Correct Answer & Explanation

. Maffucci’s syndrome


Explanation

DISCUSSION: Chondrosarcomas associated with diffuse bone lesions (enchondromas) are characteristic of Ollier’s disease. When accompanied by subcutaneous masses (hemangiomas), the condition is called Maffucci’s syndrome. Multiple hereditary exostosis is characterized by diffuse osteochondromas. McCune-Albright syndrome is characterized by polyostotic fibrous dysplasia with café-au-lait spots and precocious puberty. Neurofibromatosis can have associated bone lesions but is not associated with chondrosarcomas.

Question 260

Topic: Bone Tumors
A 40-year-old woman has a symptomatic mass on the anterior aspect of the ankle.

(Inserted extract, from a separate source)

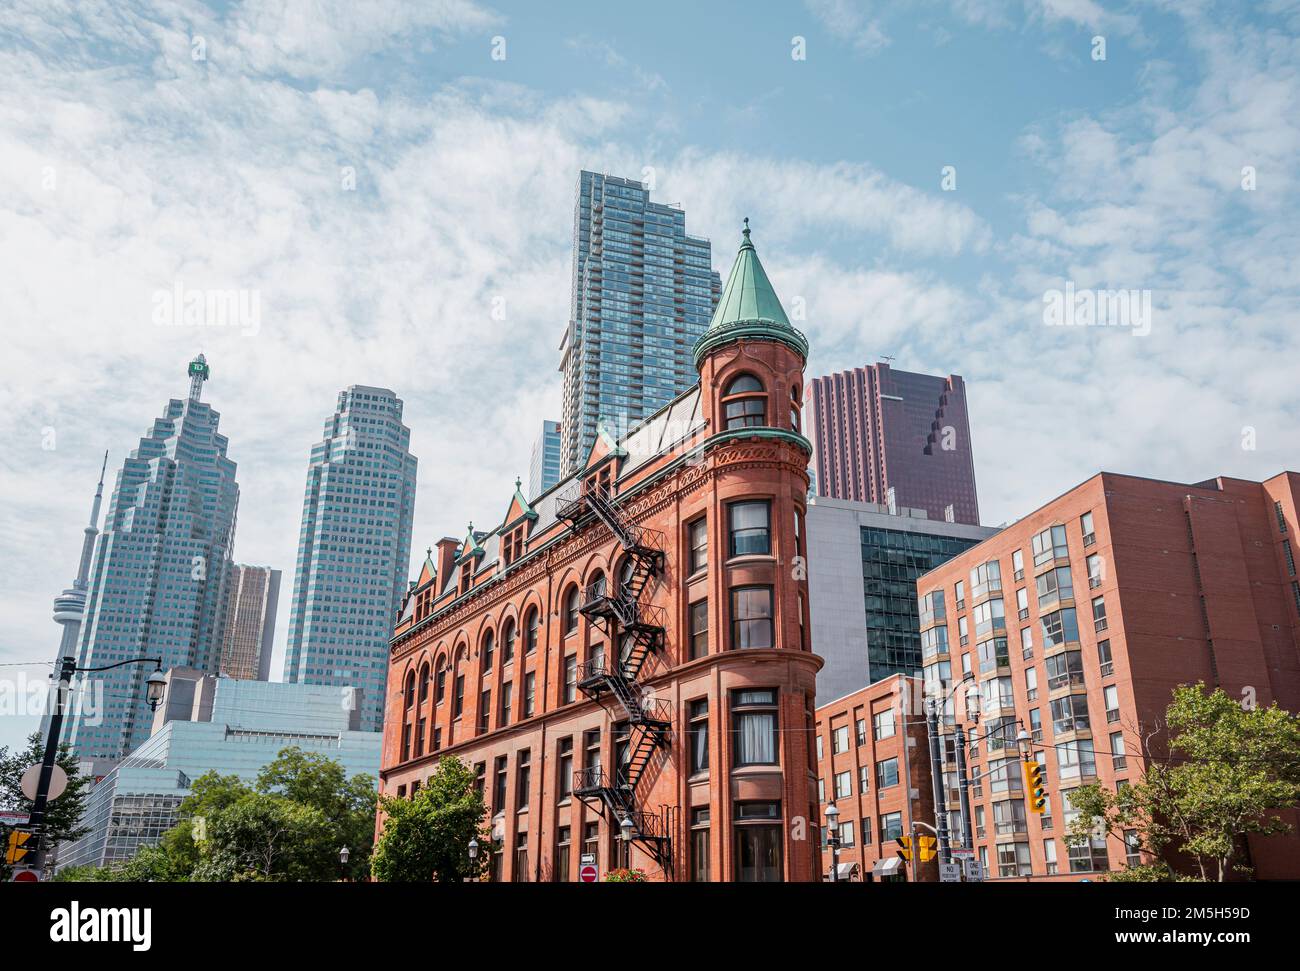 Toronto- Canada- Circa août 2019. Architecture nouvelle et ancienne au centre-ville de Toronto. Bâtiment Gooderham le bâtiment Flatiron connu a été achevé en 1892. Arche Banque D'Images

She reports no constitutional symptoms. An MRI scan is shown in Figure 12. What is the most likely diagnosis?
. Ganglion
. Osteosarcoma
. Aneurysmal bone cyst
. Unicameral bone cyst
. Gouty tophi

Correct Answer & Explanation

. Ganglion


Explanation

The MRI scan reveals a lobular mass that is below the vitamin E tablet marker taped to the skin. This is juxtaposed to the tibialis anterior tendon. It is slightly more enhanced than the surrounding subcutaneous fat and is consistent with a ganglion. Osteosarcoma, aneurysmal bone cyst, or unicameral bone cyst all would demonstrate enhancement or pathology in the bone. This is clearly a well-defined soft-tissue mass. Gouty tophi show low to intermediate signal on T1- and T2-weighted images.